By extracting 3rd bytes within the keyboard packets, you can recover all the keystrokes pressed.
USB Traffic Packet Capture¶
Before we get started, let's introduce some of the basics of USB.
USB has different specifications, the following are three different types of USB:
l USB UART
l USB HID
l USB Memory
UART or Universal Asynchronous Receiver/Transmitter is a simple device that uses USB to receive and transmit data.
HID stands for human interface. This type is suitable for interactive applications such as keyboards, mice, gamepads, and digital display devices.
The last is USB Memory, or data storage. External HDD, thumb drive/flash drive, etc. are all of this type.
The most widely used USB type is USB Memory.
Each USB device (especially HID or Memory) has a vendor ID (Vendor ID) and a product identifier (Product Id). Vendor ID is used to mark which manufacturer made this USB device. Product ID is used for different types of products.
An example:
The above picture is a list of USB devices connected to my computer in a virtual machine.
In this example, I have a wireless mouse under VMware, which is a HID device. This device is running normally. You can see all the USB devices connected with the lsusb command.
Now, you can find out which one is this mouse?

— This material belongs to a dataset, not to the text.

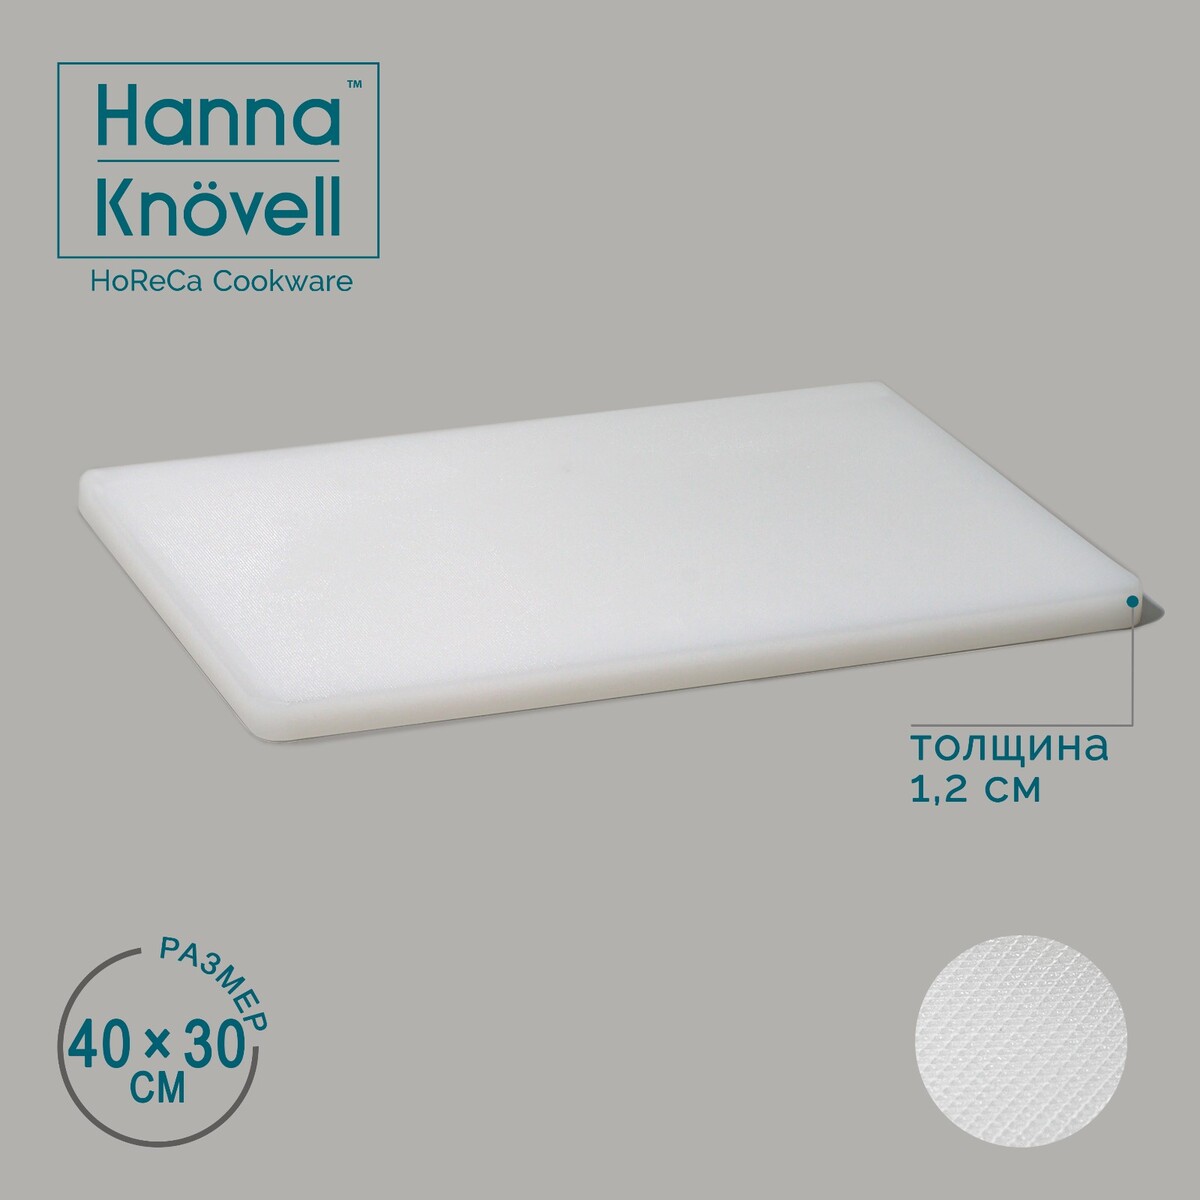 Доска профессиональная разделочная hanna knövell, 40×30×1,2 см, цвет белый доска пеленальная mr sandman белый

Correct! It is the fourth one:
Bus 002 Device 002: ID 0e0f:0003 VMware, Inc. Virtual Mouse
ID 0e0f:0003 is the Vendor-Product ID pair, where the value of Vendor ID is 0e0f and the value of Product ID is 0003.
Bus 002 Device 002 means the usb device is connected. This should be noted.
We ran Wireshark with root permission to capture the USB data stream. However, we don't recommend it.
We need to give the user enough permissions to get the usb data stream in Linux. We can use udev to achieve our goal. We need to create a user group usbmon and add our account to this group.
addgroup usbmon
gpasswd -a $USER usbmon
echo 'SUBSYSTEM=="usbmon", GROUP="usbmon", MODE="640"' > /etc/udev/rules.d/99-usbmon.rules
Next, we need the usbmon kernel module. If the module is not loaded, we can load the module with the following command:
modprobe usbmon
Open wireshark and you will see usbmonX where X represents the number.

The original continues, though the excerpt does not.